Cosmospora is a genus of ascomycete fungi in the family Nectriaceae. The genus, as circumscribed by Rossman et al. (1998), included all the nectrioid species with small, reddish, non-ornamented sexual fruiting bodies that collapse laterally when dry. However, the genus was shown to be polyphyletic, and the majority of species were re-classified into revived or recently established genera that are monophyletic.

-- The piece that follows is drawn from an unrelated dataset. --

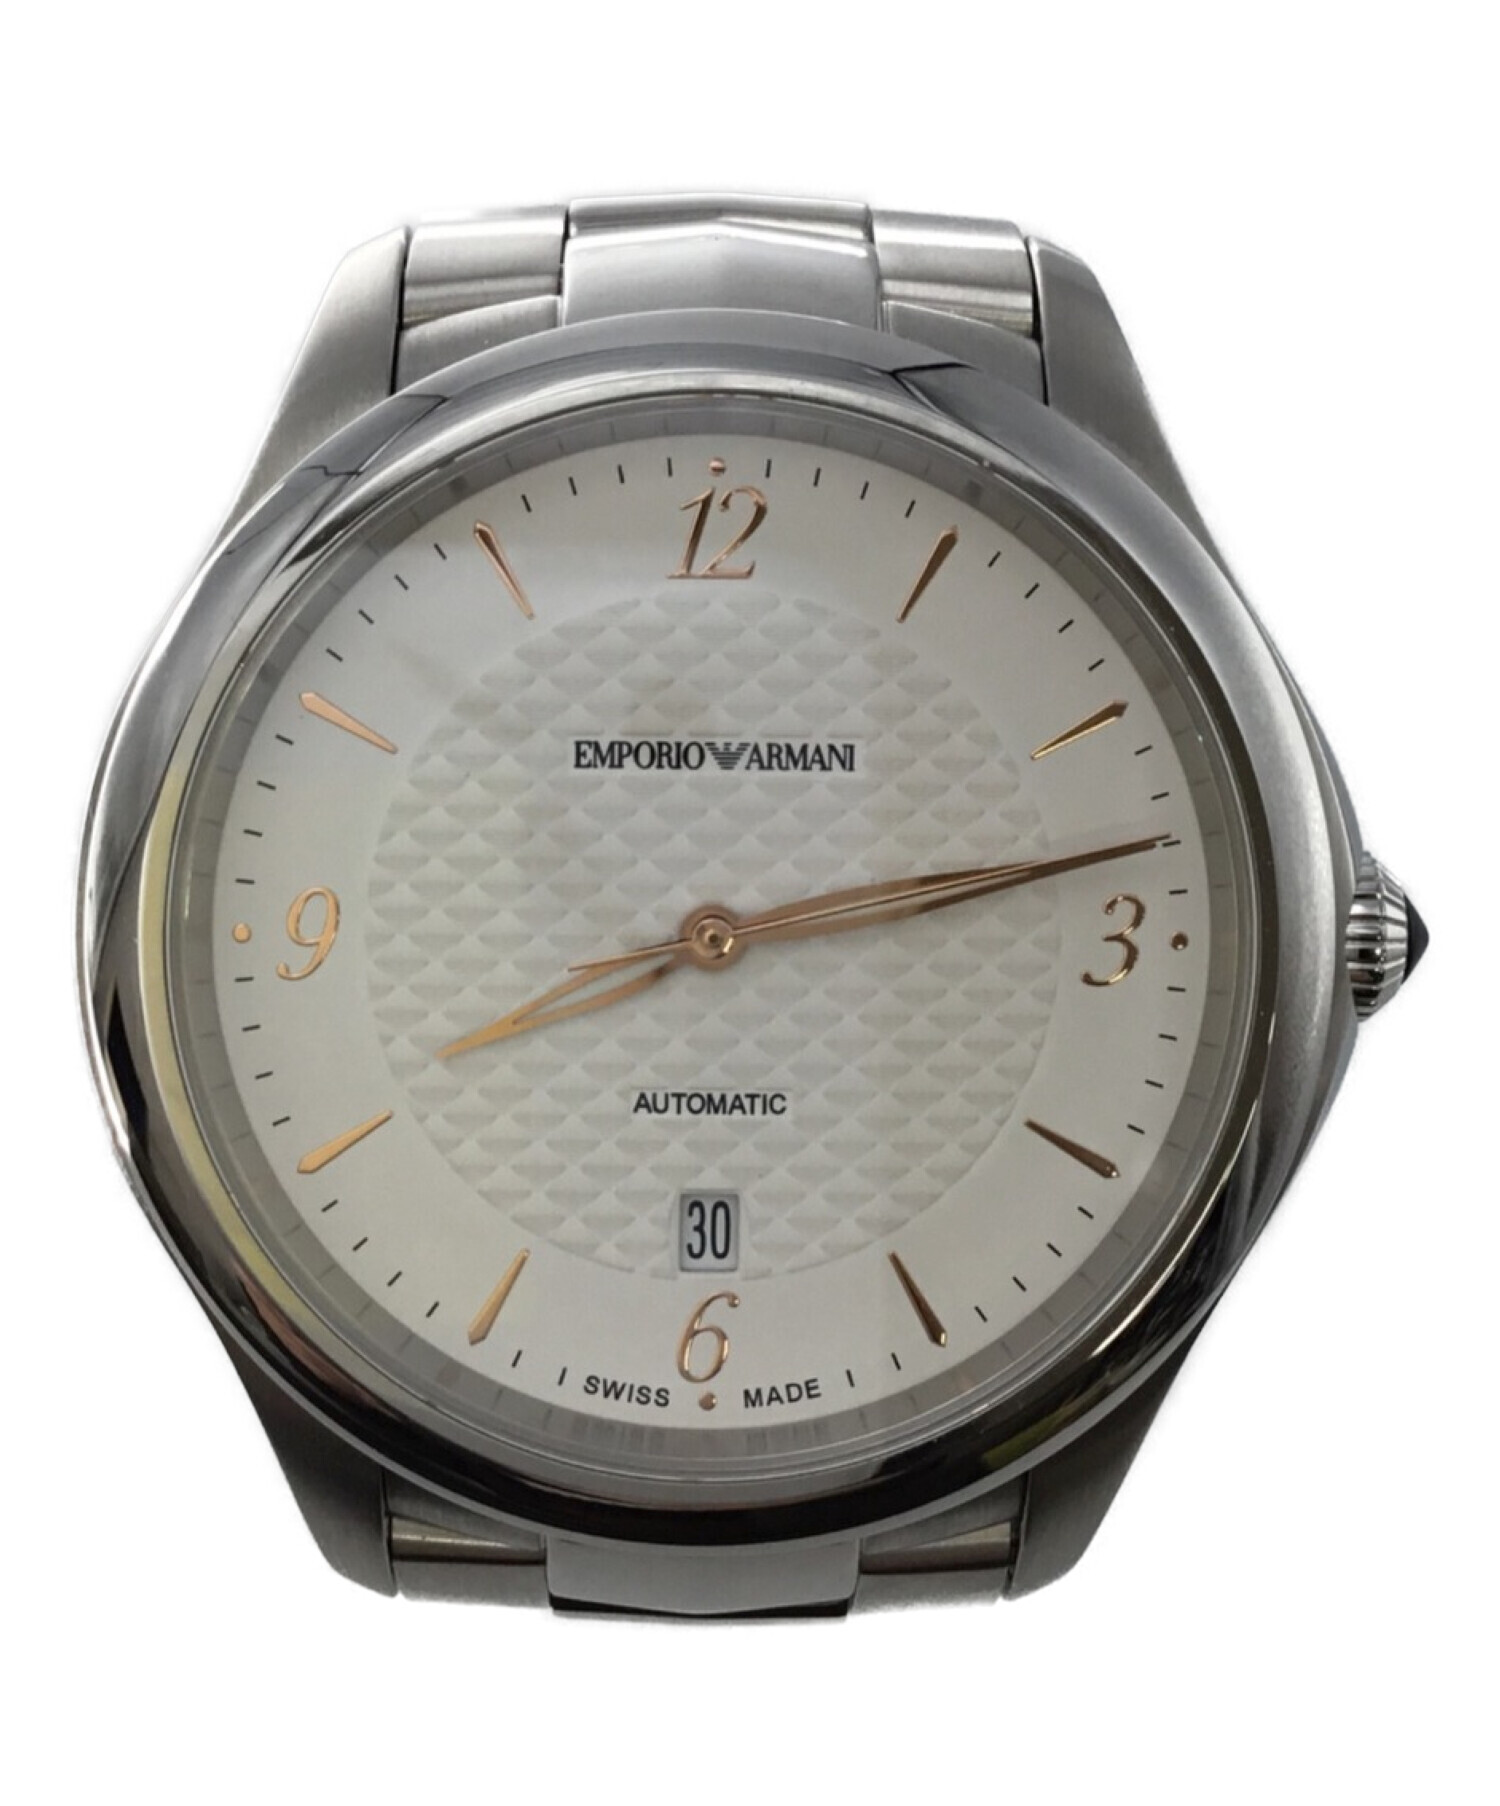 EMPORIO ARMANI (エンポリオアルマーニ) 腕時計 ESEDRA GENT サイズ:-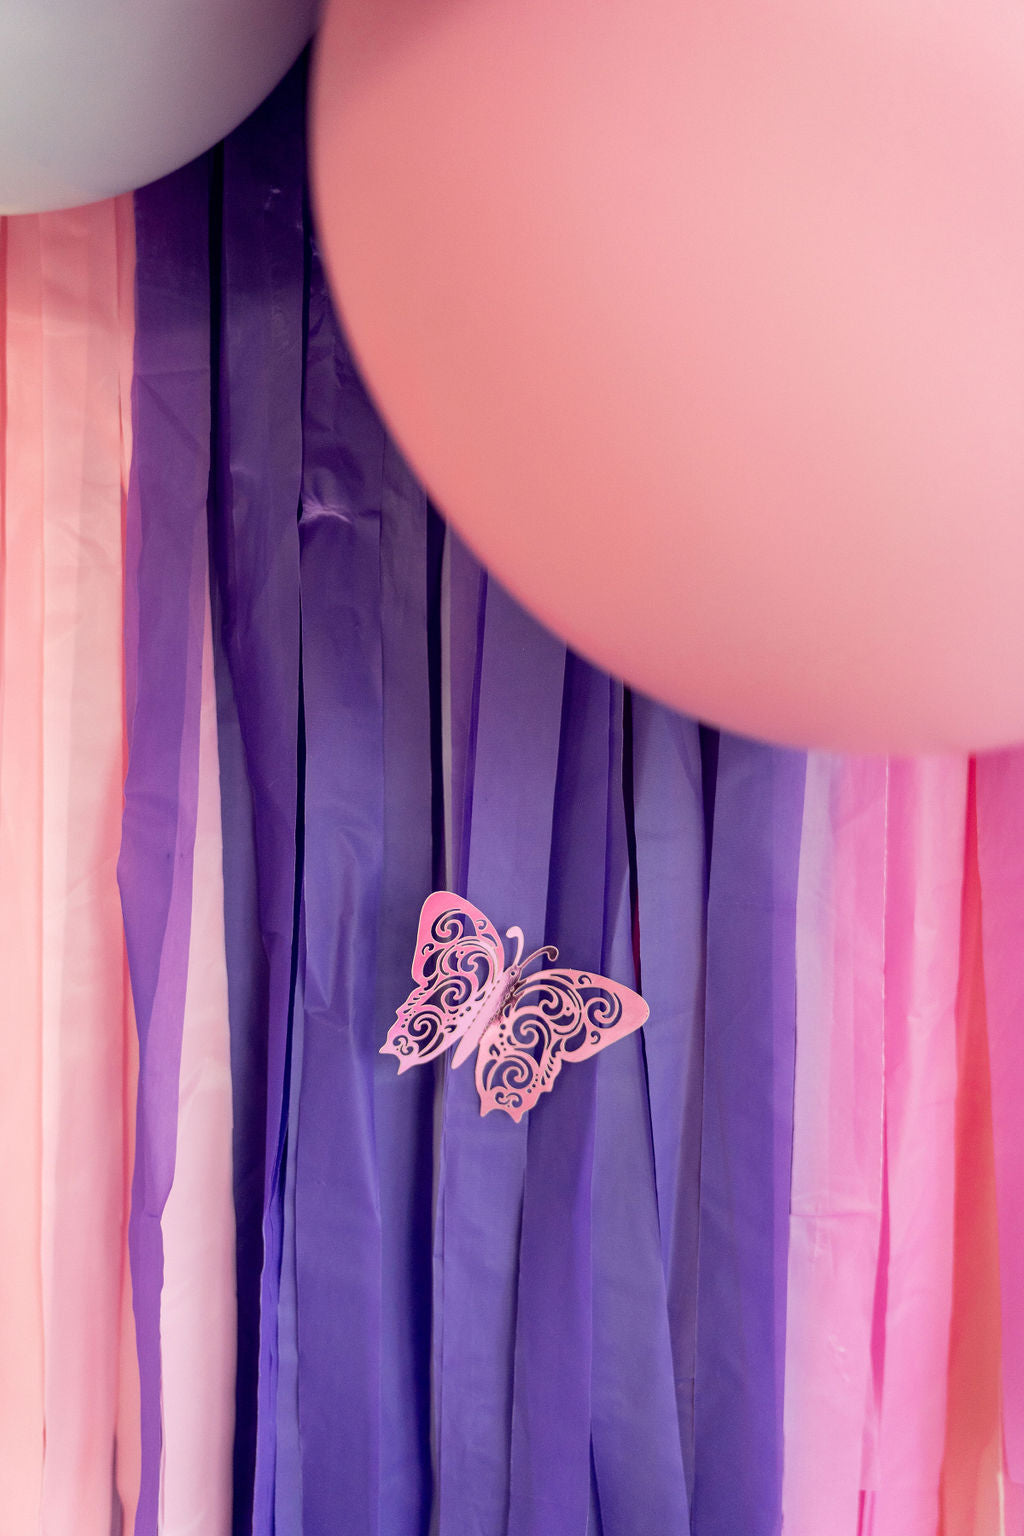 Butterfly Fringe Backdrop

Cosmospora sensu Rossman housed members of the following genera: Chaetopsina, Cylindrocladiella, Fusicolla, Macroconia, Mariannaea, Microcera, Pseudocosmospora, Stylonectria, and Volutella.
Cosmospora was restricted to species having acremonium-like asexual morphs that grow on polypores and xylariaceous fungi by Gräfenhan in 2011. About 20 species are accepted in the genus (Gräfenhan et al. 2011; Herrera et al. 2015; Zeng and Zhuang et al. 2016; Luo et al. 2019; Lechat et al. 2021).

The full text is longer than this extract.